There is one glaring problem with this "loophole". And there is a very simple solution to eliminating it forever. How can a university keep jacking up their tuition when the earnings of their graduates, even at 5%, is not enough to pay off their student debt after 20 years? You borrow $200,000 to go to law school. You mean after 20 years you are not averaging $200 grand a year? Well then you fawked up. It must be a really shitty law school.

The simple solution, make universities report the percentage of graduates that don't pay their student loans off after 20 years. Hell, I would take it a step further and make them report the percentage of students, even those that didn't graduate, that have their student loans forgiven because they made minimum payments for 20 years and didn't pay them off.

It is past time that college was viewed as an investment. Too many students go because, well they don't have anything better to do. Too many students attend a college and have no damn idea what they want to do with their life. Stay home, live in Mom and Dad's basement, and figure it the hell out.

I have the experience. I raised six kids. Three have degrees, two of them Phd's. One is two courses away from graduating after spending six years in college. Yeah, I cut his ass off. Maybe when he is going on his own dime he will get busy. And I have lived the whole what your major is bullshit. I have Philosophy majors, Psychology majors, and Engineering majors. Pretty easy to figure out which one was most successful.

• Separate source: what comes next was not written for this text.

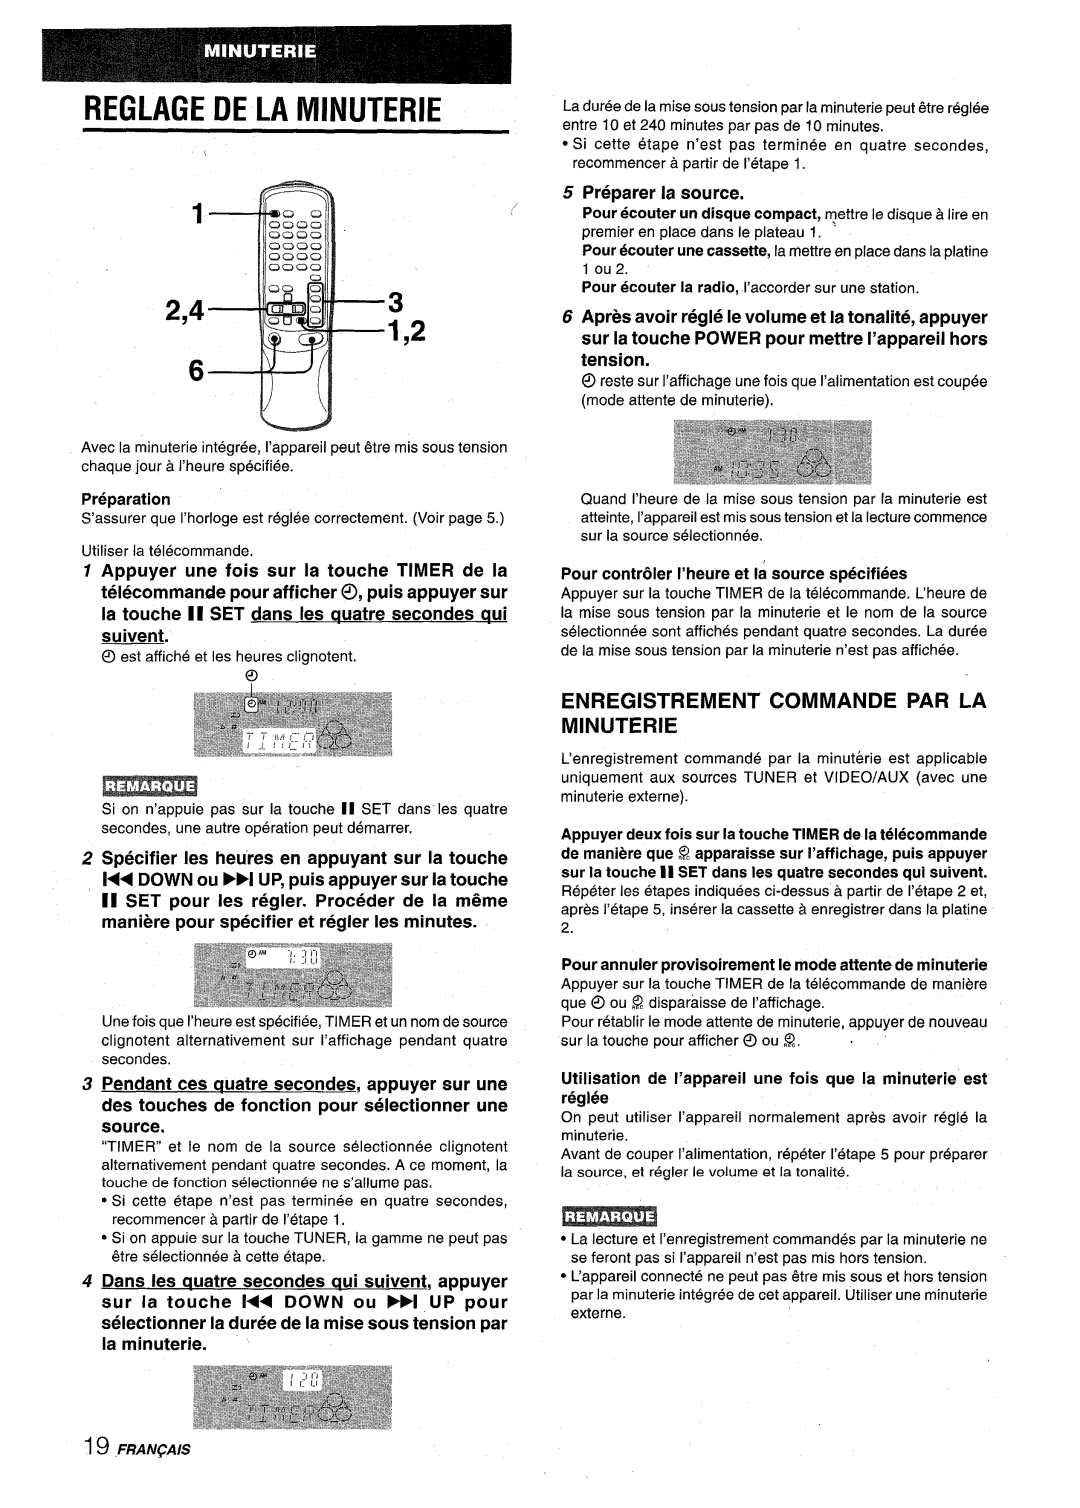 Aiwa NSX-V9000 manual Reglage De La Minuterie, Enregistrement Commande Par La Minuterie, Preparer la source, reglee

Tuition has increased, not because of student loans, but because college has morphed into being little more than a baby sitting service for unprepared adolescents. That needs to change.
 
State colleges used to be cheap./ but when the feds started throwing money at them, all the professors wanted huge pay raises etc. and so people wanting to be say a school teacher, ended up with 50,000$ or more debts.
As for medical schools, they been rackets for a lot longer.
If America was interested in good medical care, those who wanted to be doctors would start in nursing and gradually learn real stuff, while earning a living.
Instead they learn how to play the drug company racket, and have huge debts to pay off.
 
State colleges used to be cheap./ but when the feds started throwing money at them, all the professors wanted huge pay raises etc. and so people wanting to be say a school teacher, ended up with 50,000$ or more debts.
As for medical schools, they been rackets for a lot longer.
If America was interested in good medical care, those who wanted to be doctors would start in nursing and gradually learn real stuff, while earning a living.
Instead they learn how to play the drug company racket, and have huge debts to pay off.
You are misinformed. The Fed doesn't throw money at state colleges. Hell, the states don't either. Forty years ago a Pell Grant funded 85% of the tuition at a state university. Today, it doesn't even approach 20%. There is a representative in Congress here in North Carolina that often talks about how she paid for her college education working a part time job. Her flippin tuition was a hundred damn bucks when she attended. It is over seven grand now.